De bij het Verdrag van Maastricht ingevoerde procedure behelsde tot drie lezingen van de Raad wanneer er geen overeenstemming bestond tussen de Raad en het Europees Parlement. Indien de Raad en het Europees Parlement, na de tweede lezing van een voorstel, geen overeenstemming hadden bereikt, kon de Raad zijn gemeenschappelijk standpunt in derde lezing bevestigen. Het voorstel werd in dat geval goedgekeurd, behalve als het door het Parlement met een absolute meerderheid van zijn leden werd verworpen. Aangezien het Parlement slechts zelden tot een absolute meerderheid komt, speelde de Raad in de wetgevingsprocedure een doorslaggevende rol.

Sinds het Verdrag van Amsterdam is een derde lezing in de Raad niet langer mogelijk. Dit betekent dat de procedure is verkort: het voorstel wordt verworpen, indien de twee instellingen er niet in slagen overeenstemming te bereiken. Het Parlement wordt dus erkend als een volwaardige wetgevende instantie, wat wil zeggen dat de Raad naar een compromis moet streven, als hij wil dat een voorstel wordt aangenomen.

In een op de Intergouvernementele Conferentie aangenomen verklaring worden de verschillende Europese instellingen (Parlement, Raad en Commissie) verzocht de in artikel 251 (oud artikel 189B) genoemde termijnen te respecteren: de periode tussen de tweede lezing van het Parlement en de afronding van de werkzaamheden van het bemiddelingscomité mag niet meer zijn dan negen maanden.

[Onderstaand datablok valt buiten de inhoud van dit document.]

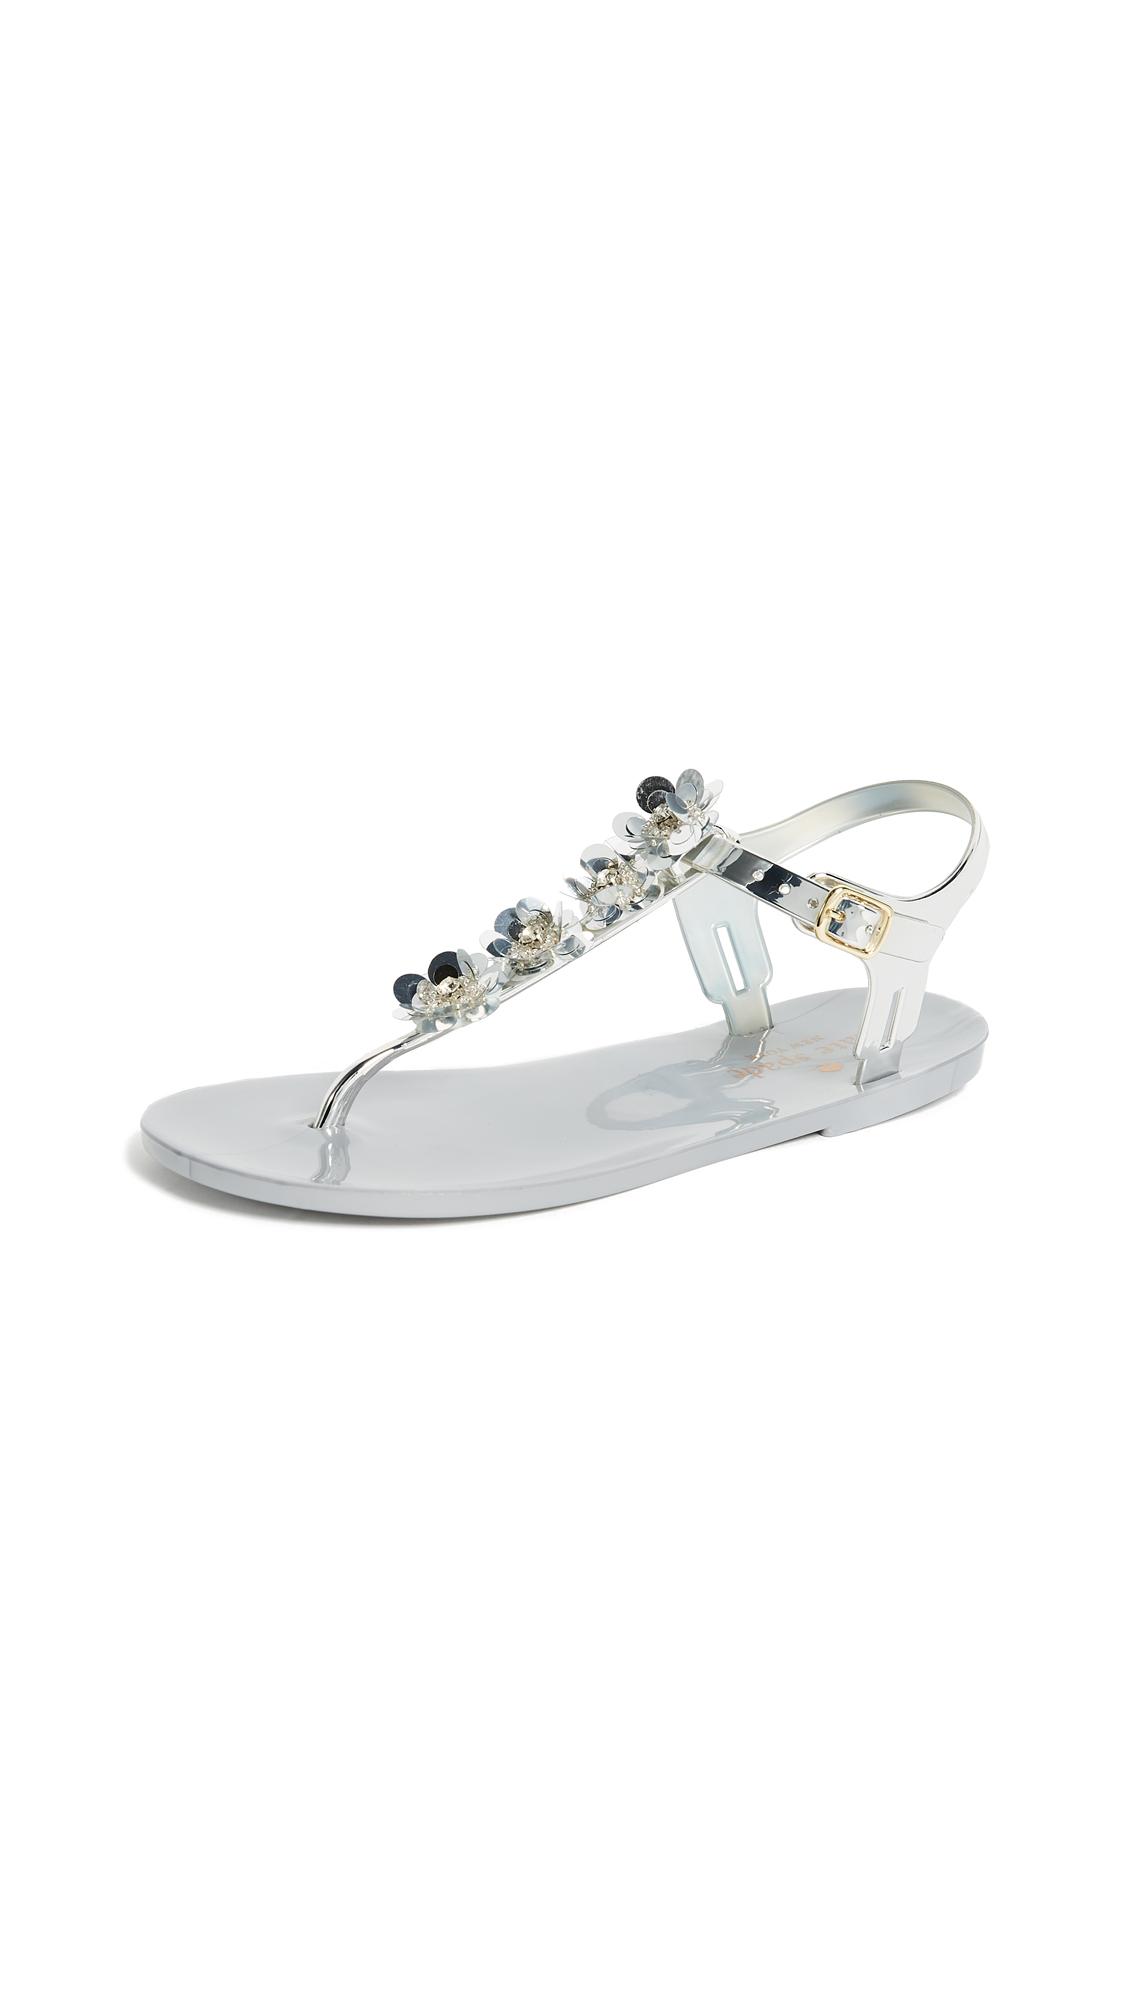 Kate Spade New York Farrah Jelly Sandals

TOEKOMSTIGE ORGANISATIE VAN HET EUROPEES PARLEMENT

Het Verdrag van Amsterdam noemt het maximale aantal leden van het Europees Parlement. Het aantal leden bedraagt, na de uitbreiding van de Europese Unie tot de landen van Midden- en Oost-Europa, niet meer dan zevenhonderd.

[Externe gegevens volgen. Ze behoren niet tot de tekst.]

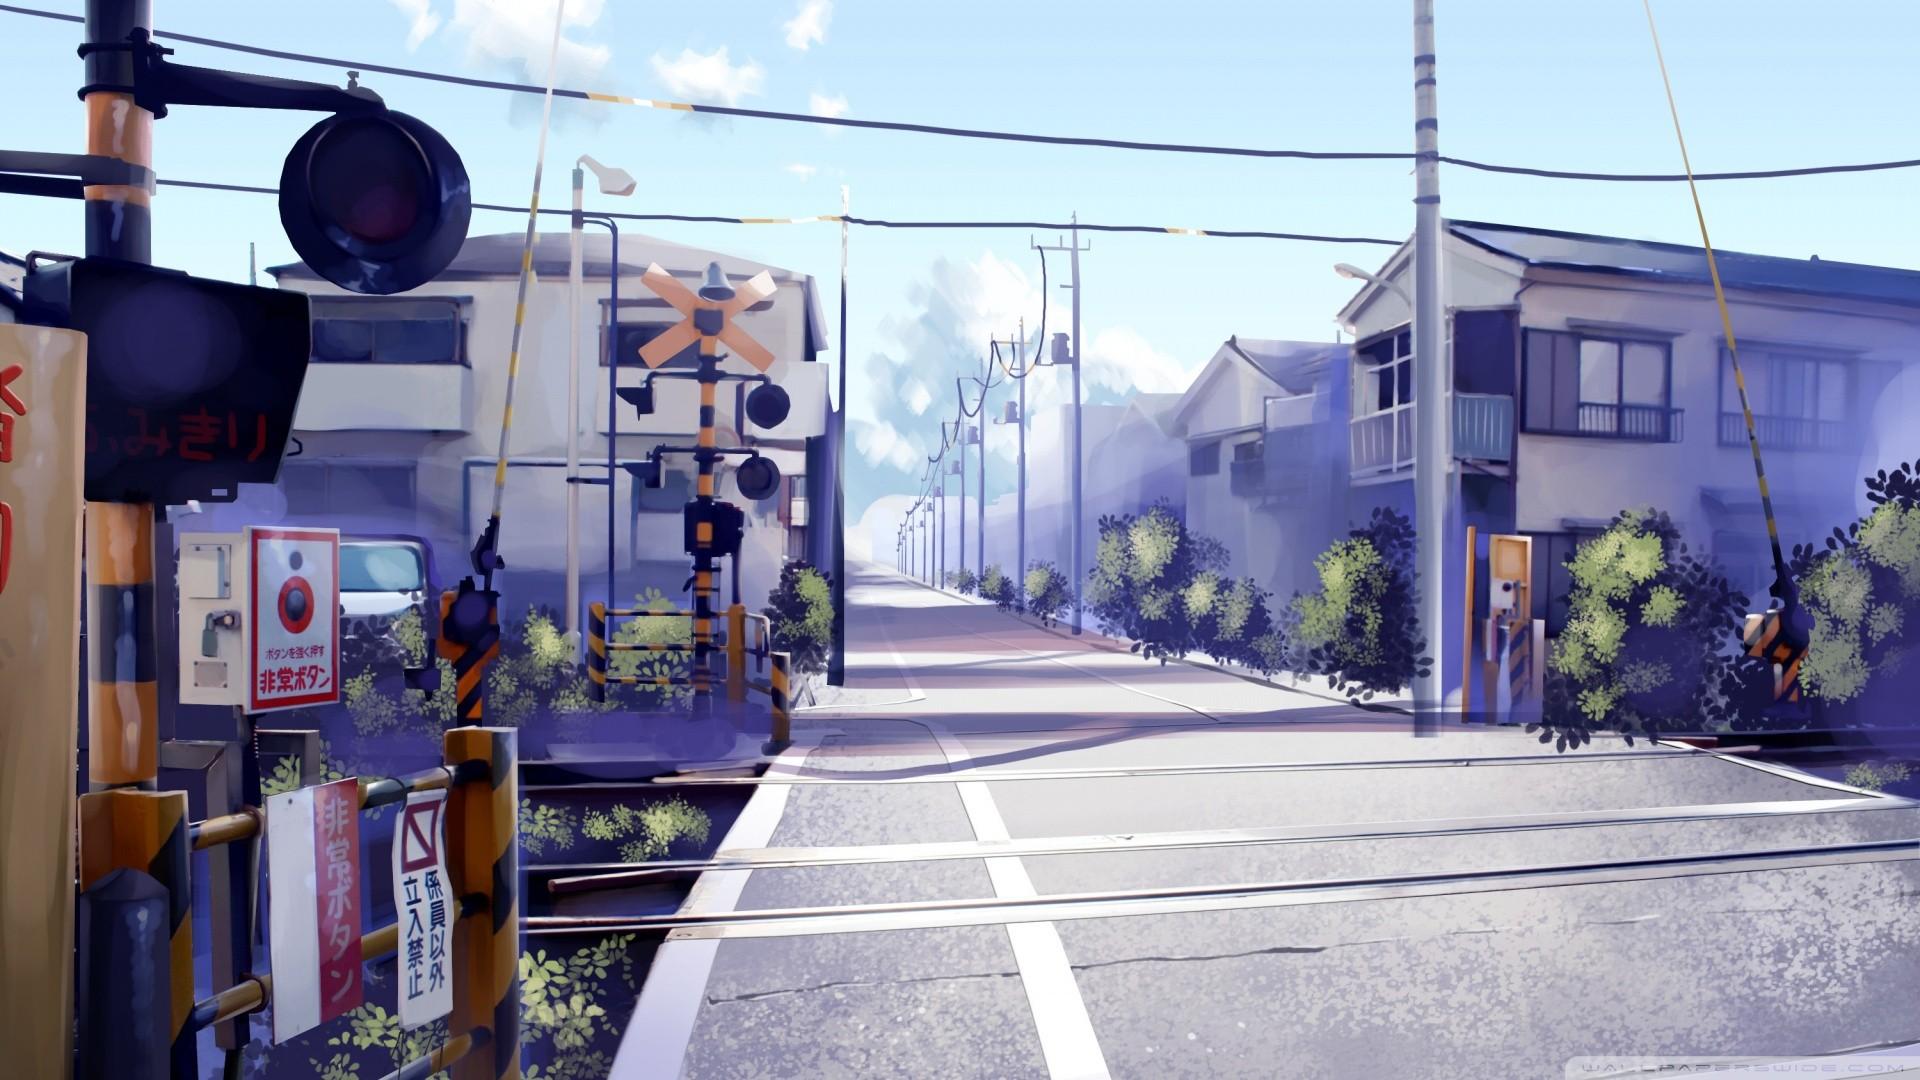 Wallpaper : Japan, street, anime, road, artwork, blue ...

Het Europees Parlement stelt een ontwerp op voor het houden van rechtstreekse algemene verkiezingen volgens een in alle lidstaten eenvormige procedure of volgens beginselen die alle lidstaten gemeen hebben.

Het Europees Parlement stelt, na raadpleging van de Commissie en met goedkeuring van de Raad die hiertoe met eenparigheid van stemmen een besluit neemt, een statuut op voor zijn leden.

Het Europees Parlement heeft een grotere rol gekregen in de procedure voor de benoeming van de leden van de Commissie. De in het Verdrag van Maastricht genoemde benoemingsprocedure is veranderd. Eerst benoemt het Parlement de door de lidstaten voorgedragen voorzitter van de Commissie en daarna de leden van de Commissie, die door de voorzitter en de lidstaten gezamenlijk worden voorgedragen.

Een Protocol betreffende de plaats van de zetels van de instellingen is aan de verschillende Verdragen gehecht. Daarin wordt verwezen naar het akkoord van de Europese Raad van Edinburgh (december 1992), terwijl voorts wordt vermeld dat het Europees Parlement "zijn zetel heeft te Straatsburg, voor de twaalf periodes van de maandelijkse voltallige zittingen met inbegrip van de begrotingszitting". De bijkomende voltallige zittingen en de vergaderingen van de parlementaire commissies worden gehouden te Brussel. "Het secretariaat-generaal van het Europees Parlement en zijn diensten blijven in Luxemburg gevestigd".